Review Article

Special Report on the 2007 Pediatric Position Development Conference of the International Society for Clinical Densitometry

Authors: Catherine M. Gordon, MD, MSc, Sanford Baim, MD, Maria-Luisa Bianchi, MD, Nicholas J. Bishop, MRCP, MD, Didier B. Hans, PhD, Heidi Kalkwarf, PhD, Craig Langman, MD, Mary B. Leonard, MD, MSCE, Horacio Plotkin, MD, Frank Rauch, MD, Babette S. Zemel, PhD

Abstract

The International Society for Clinical Densitometry periodically holds Position Development Conferences (PDCs) for the purpose of establishing standards and guidelines for the assessment of skeletal health, including nomenclature, indications, acquisition, analysis, quality control, interpretation, and reporting of bone density tests. Topics are selected for consideration according to criteria that include clinical relevancy, uncertainty in the application of medical evidence to clinical practice, and the likelihood of the expert panel to reach a consensus agreement. The first Pediatric PDC was June 20 to 21, 2007 in Montreal, Quebec, Canada. Topics included fracture prediction and definition of osteoporosis in children; dual-energy x-ray absorptiometry (DXA) assessment in children with chronic disease that may affect the skeleton; DXA interpretation and reporting in children and adolescents; and the use of peripheral quantitative computed tomography in children and adolescents. This report describes the methodology and presents the results of this recent PDC.


Key Points


* The first Pediatric Position Development Conference was held in Montreal, Quebec in June 2007.

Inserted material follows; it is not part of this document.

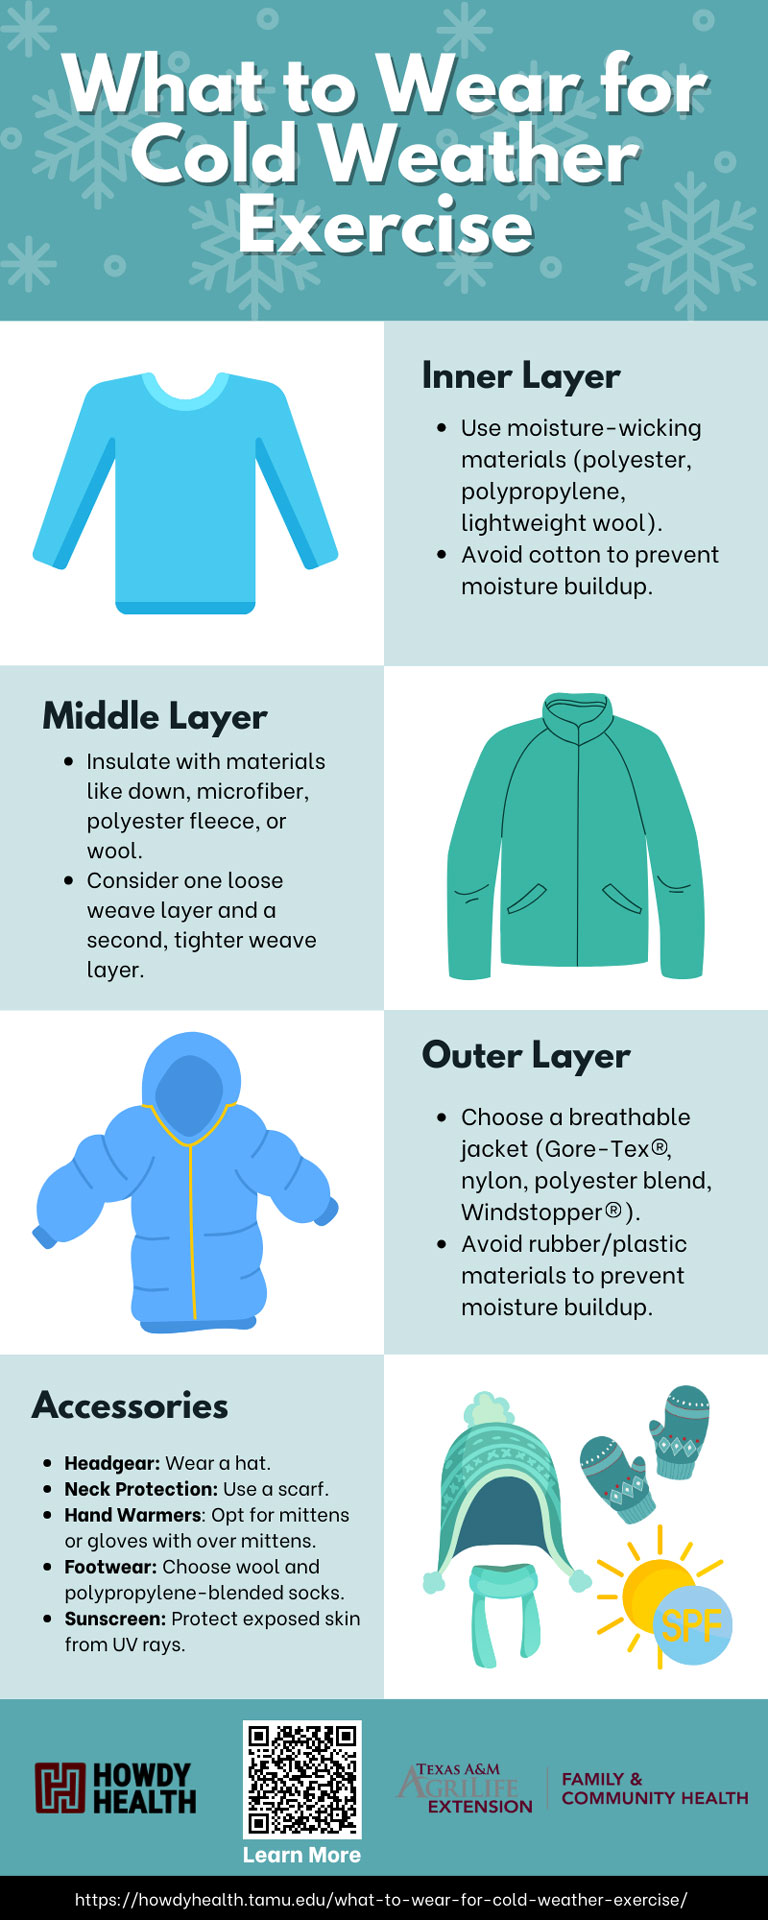 What to Wear for Cold Weather Exercise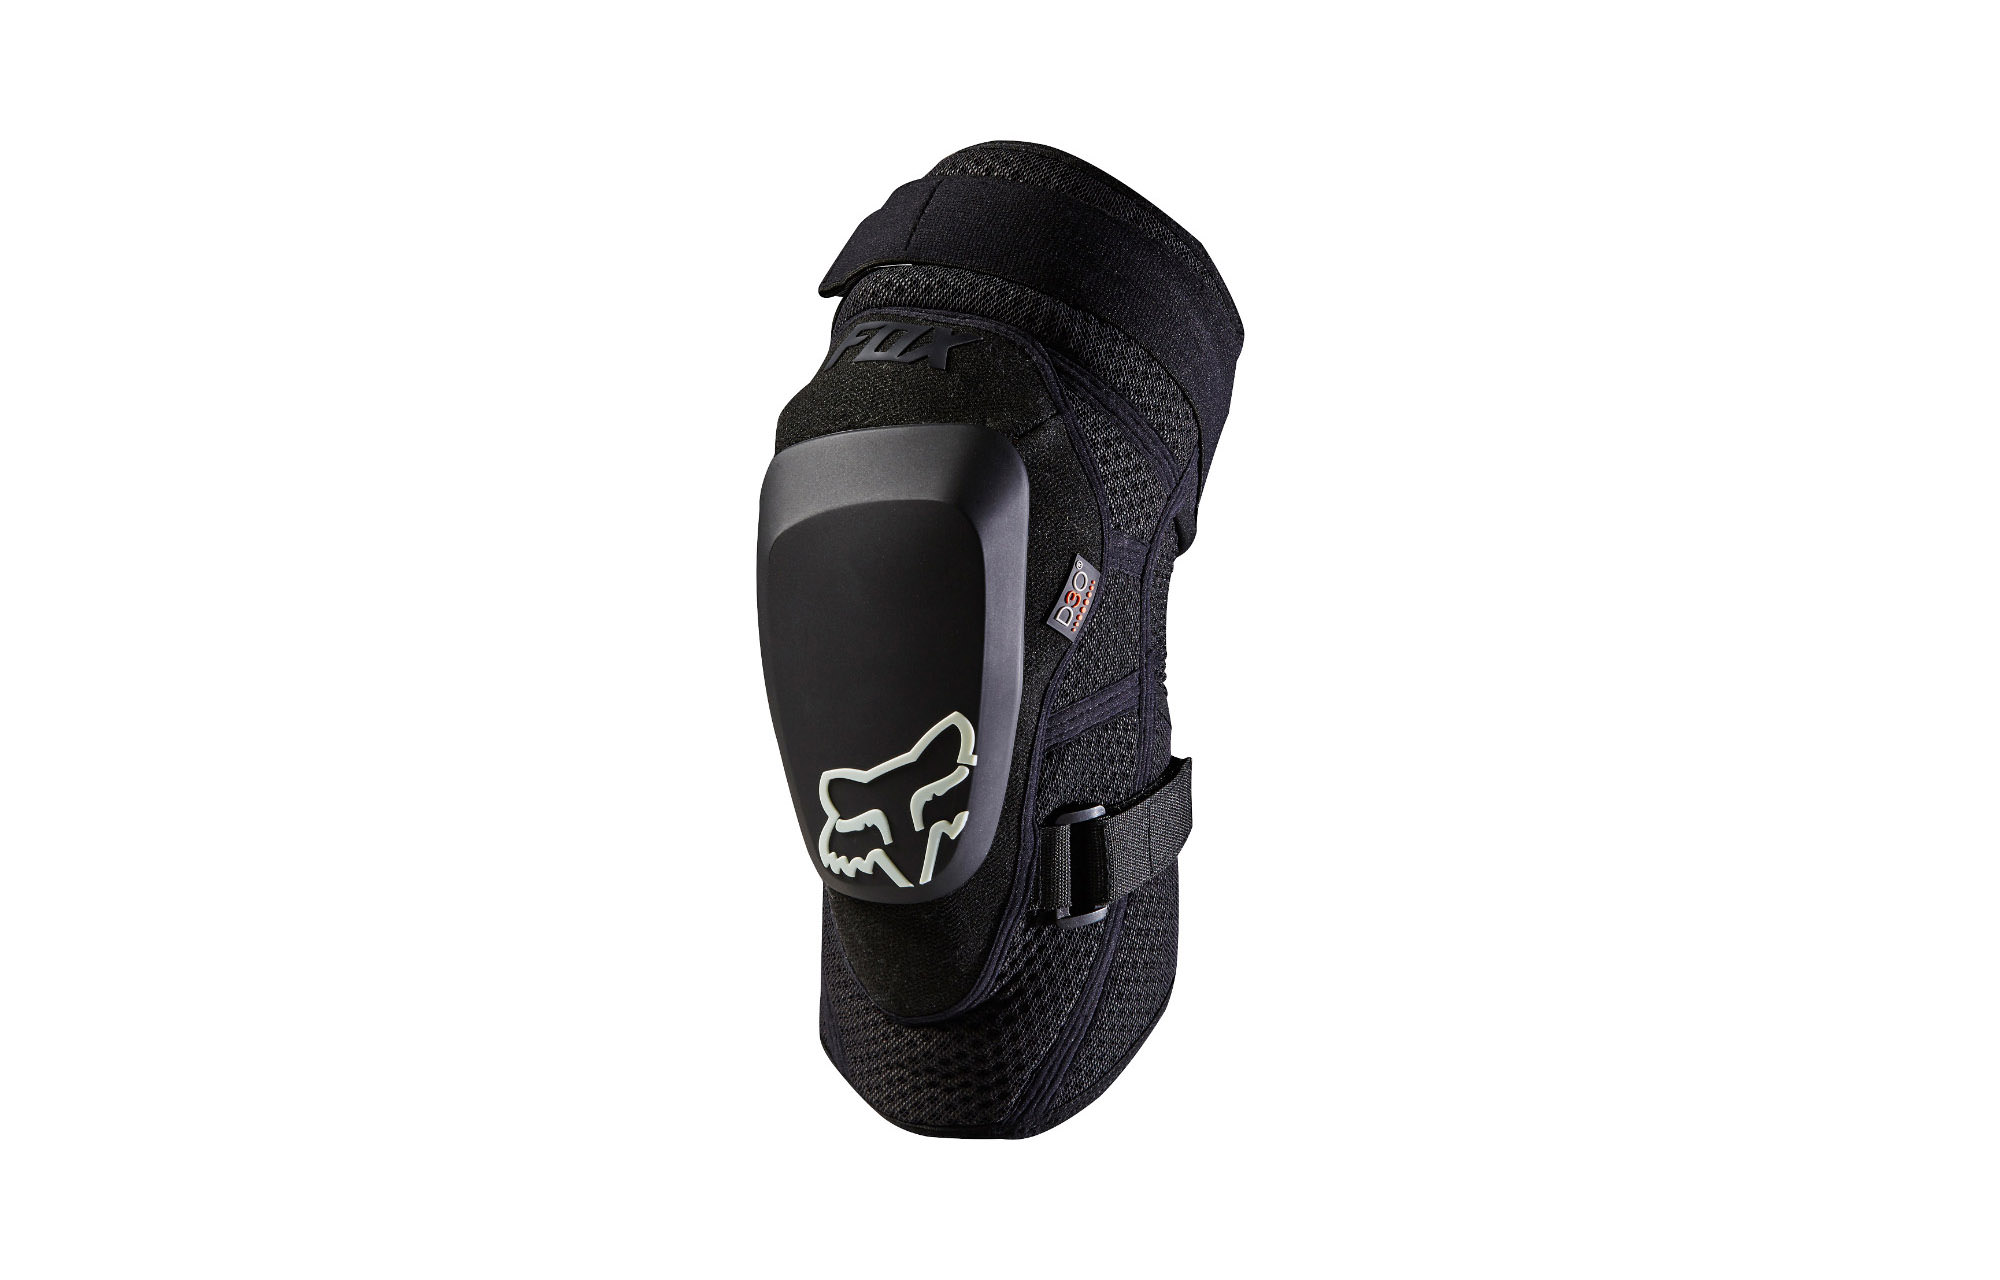 FOX LAUNCH PRO D3O KNEE GUARD image number 0

* The diagnosis of osteoporosis in children and adolescents should not be made on the basis of densitometric criteria alone, but requires both a clinically significant fracture history and low bone mass.


* Low bone mineral content (BMC) or bone mineral density (BMD) is defined as a BMC or areal BMD Z-score that is less than or equal to −2.0, adjusted for age, gender and body size, as appropriate.


* Therapeutic interventions in children and adolescents should not be instituted on the basis of a single dual energy x-ray absorptiometry measurement.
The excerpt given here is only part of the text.